The initiation of chemistry by a shock wave occurs through complex interactions between chemical and mechanical mechanisms. The first few nanoseconds after shock arrival is a crucial time period, where the initiation of exothermic chemical reactions leads to the growth of local hot spots. We are simulating these mechanisms in two ways. First, we are performing atomistic simulations of shocked TATB using a modified version of the ReaxFF force field. We have found that modification of ReaxFF is necessary in order to accurately model charge transfer and ionization under sustained high density conditions. We have simulated overdriven detonation waves in TATB using the multi-scale shock technique (MSST).
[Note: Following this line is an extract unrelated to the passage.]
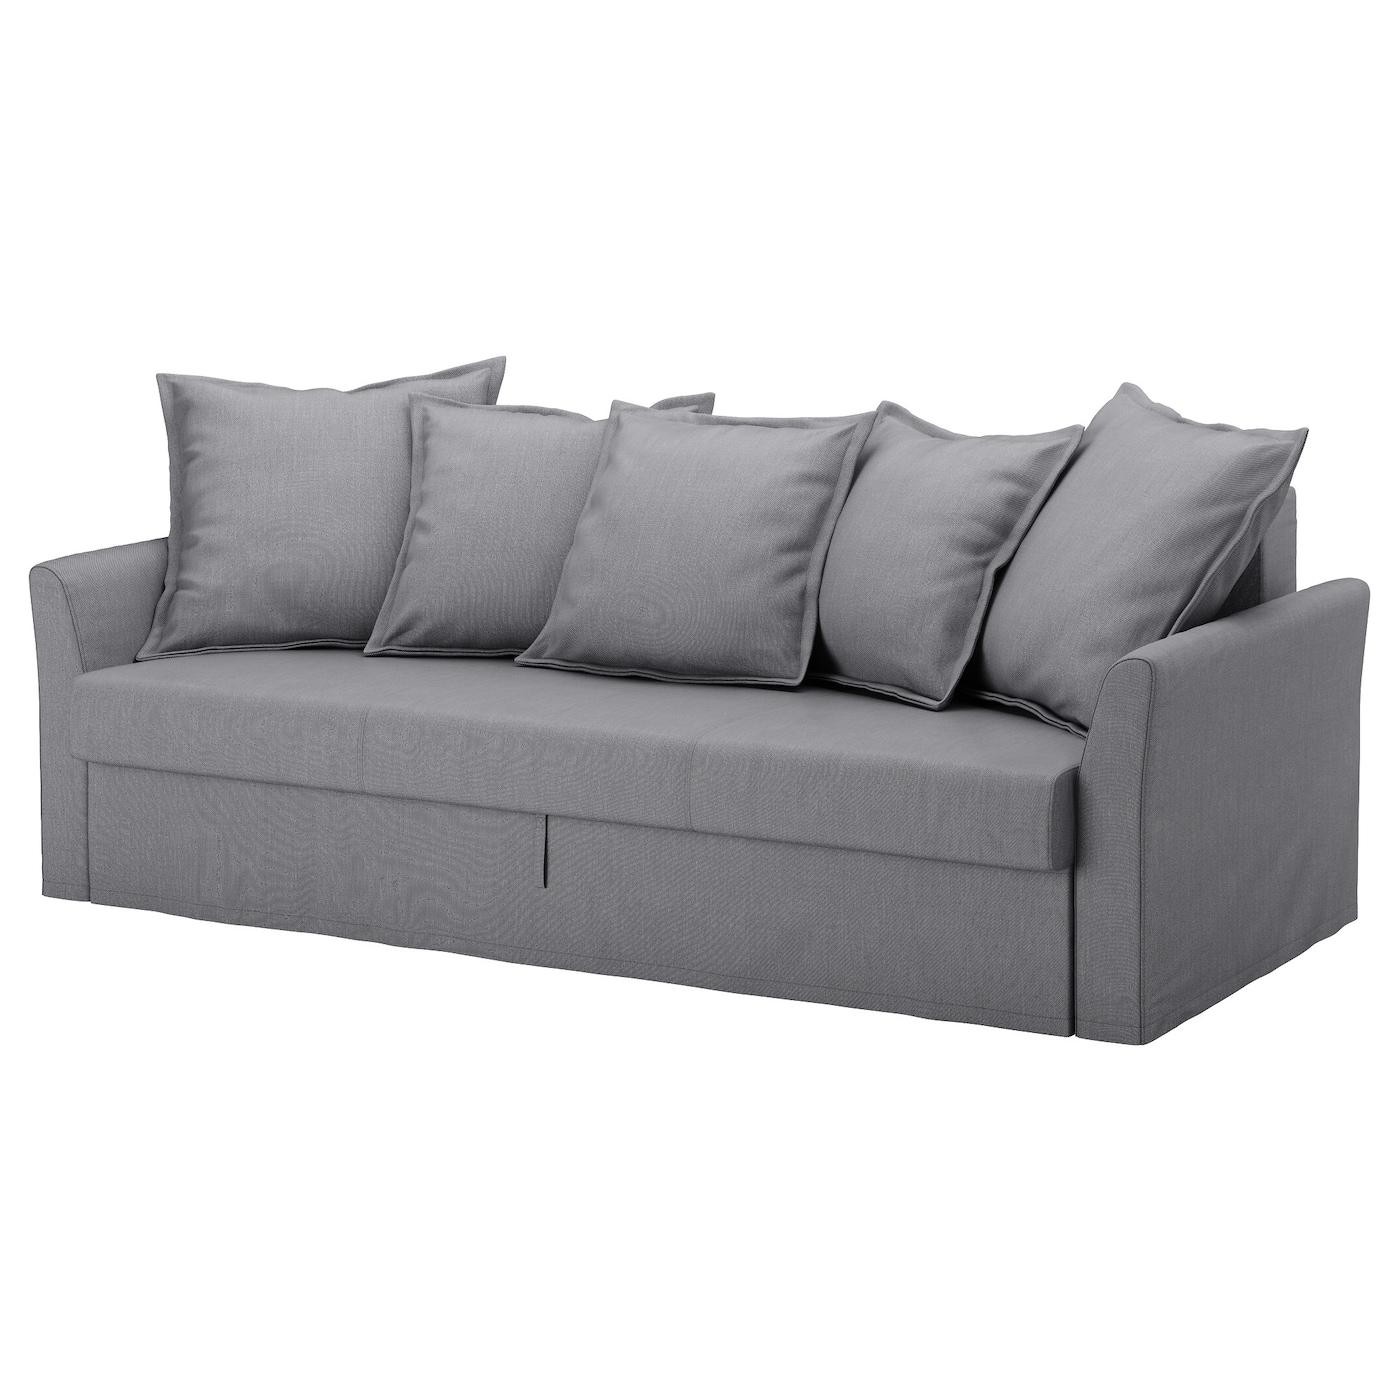 Sof� cama 3 plazas, Nordvalla gris

In our simulations of overdriven shocked TATB, we find that large-scale graphitic structures encompassing thousands of atoms form after 1 ns. A second simulation technique uses continuum mechanics with an anisotropic crystal-level plasticity model for shocked HMX. We use a thermochemical approach to model the equation of state and chemistry of the shocked energetic material. In the simulations a pore is compressed by a shock wave, resulting in material deformation and chemistry. We find that simulations with crystal-level plasticity predict chemistry that is localized in fluid regions. The results of the crystal plasticity model will be compared with a more traditional treatment of plasticity in HMX via shock viscosity.